Lasst die Kinder spielen - ein Plädoyer gegen die Ängstlichkeit

Lasst die Kinder spielen - ein Plädoyer gegen die Ängstlichkeitvon Thomas Baader

Pädagogen und Eltern machen sich zu viele Gedanken darüber, was Kinder nicht spielen sollen, und zu wenig darüber, inwieweit Spiele Fähigkeiten fördern. Und wer möchte, dass Börsenspiele aus den Schulen verschwinden, sollte besser auch gleich alle Schach-AGs verbieten. Dass Spiele weitaus häufiger als Gefahr wahgenommen werden statt als Chance, ist absurd.

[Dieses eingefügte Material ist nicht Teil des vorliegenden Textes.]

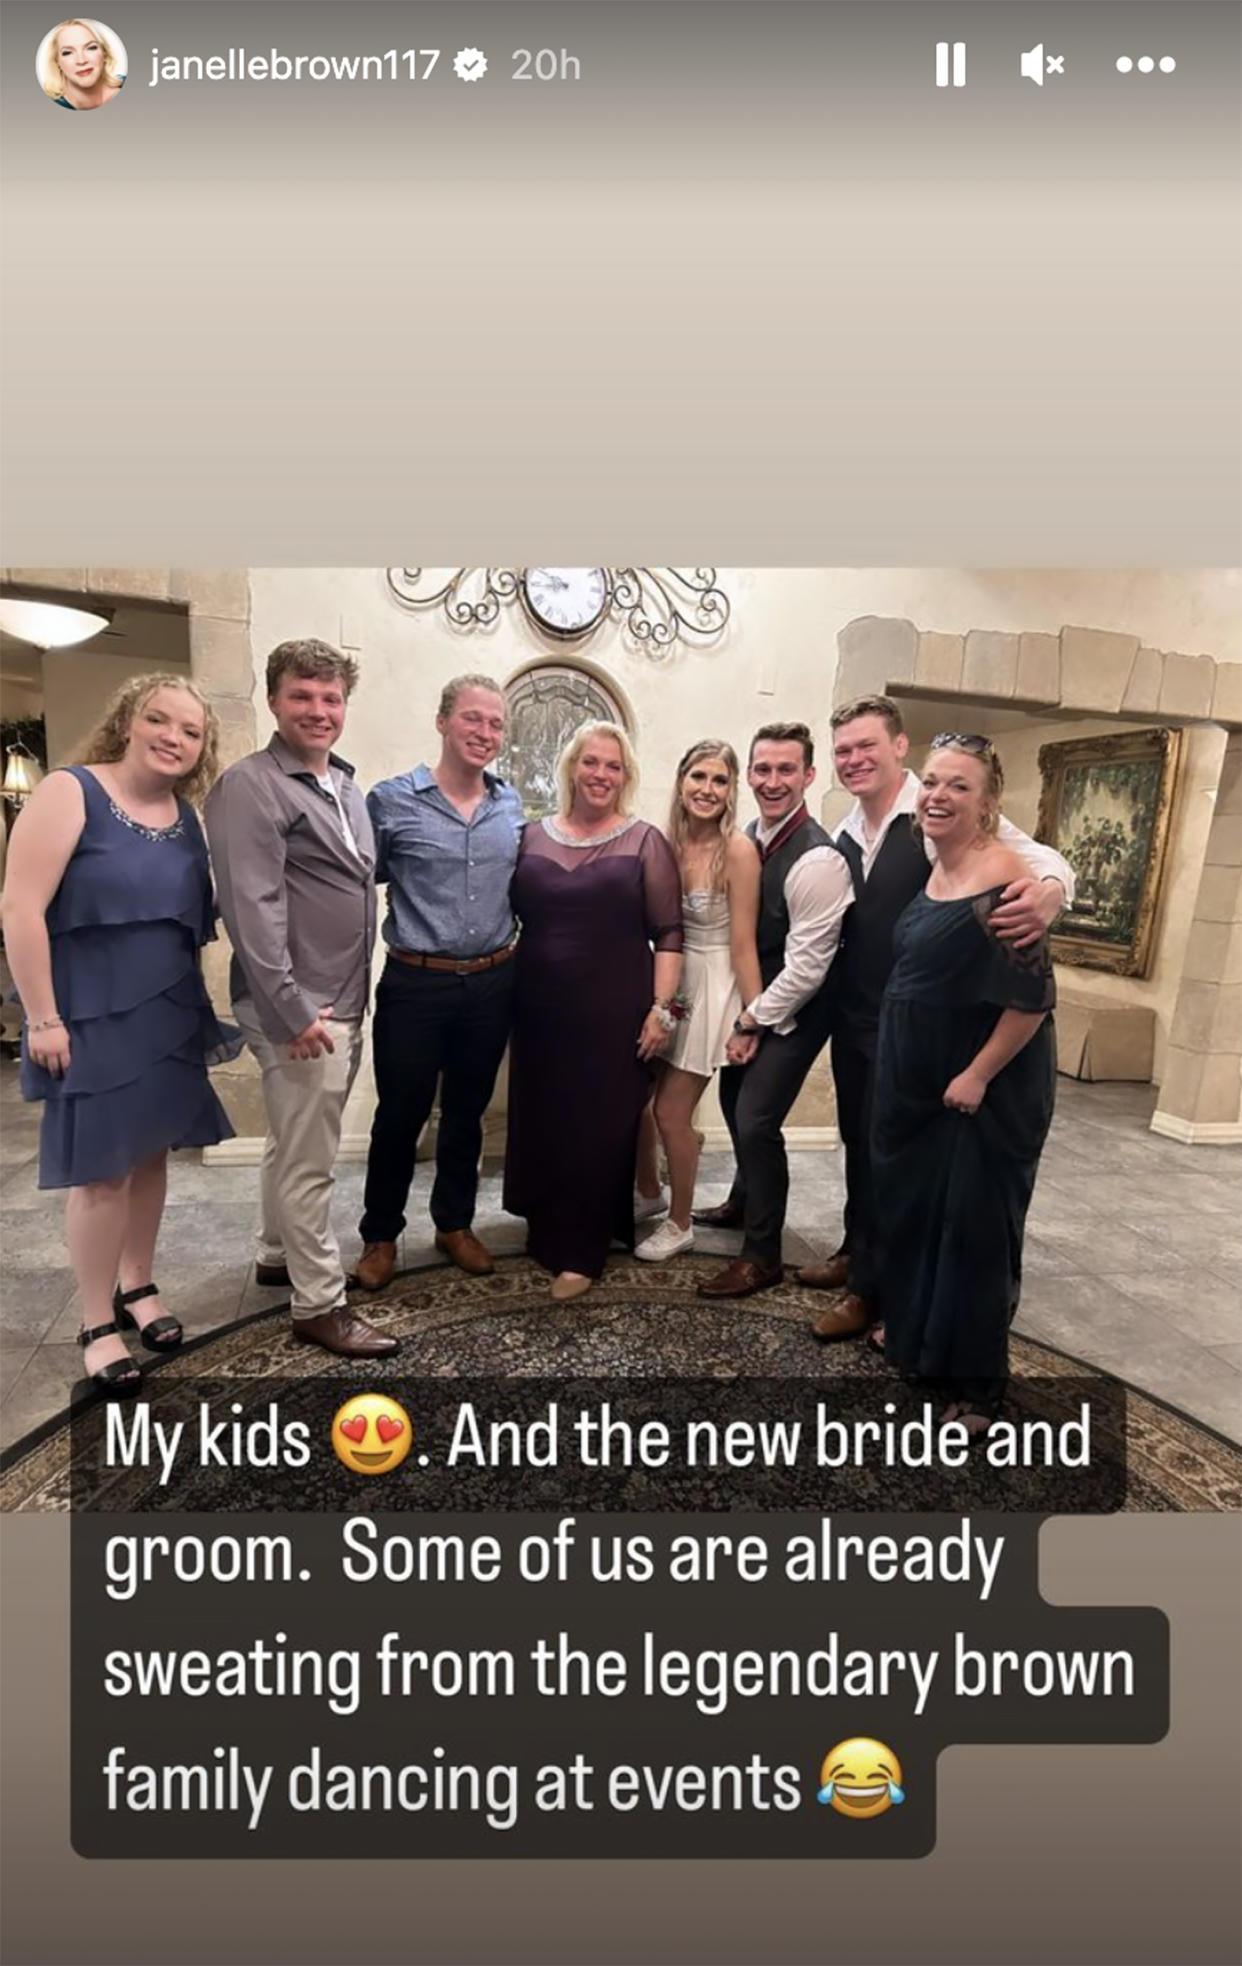 Janelle Brown and family at her son Logan's wedding. (@janellebrown117 via Instagram)

An manchen Schulen werden spätestens seit der Finanzkrise keine Börsenspiele mehr durchgeführt. Die Argumente, die gegen das Börsenspiel angeführt werden, sind moralischer Natur. Es ist also offensichtlich, dass Teile der Lehrerschaft einen schlechten Einfluss befürchten, dem die Schüler im Zuge einer solchen Wirtschaftssimulation (denn etwas anderes ist es nicht) ausgesetzt sein könnten. Schauen wir uns also an, welche Argumente in der Regel genannt werden, um das Börsenspiel aus den Schulen zu verbannen:
- Das Börsenspiel stellt eine Art "virtuelles Zocken" dar, und das noch nicht einmal mit eigenem Geld. Die Spieler werden in die Rolle von Spekulanten versetzt.
- Der Spieler wird in dieser Rolle dazu angehalten, auf bloße Gewinnmaximierung aus zu sein und keine Verantwortung für die von seinen Entscheidungen betroffenen Menschen zu übernehmen.
- Die durch das Spiel simulierten Vorgänge, die in der Realität erheblichen Einfluss auf das Leben vieler Menschen hätten, werden durch den Abstraktionsgrad verharmlost.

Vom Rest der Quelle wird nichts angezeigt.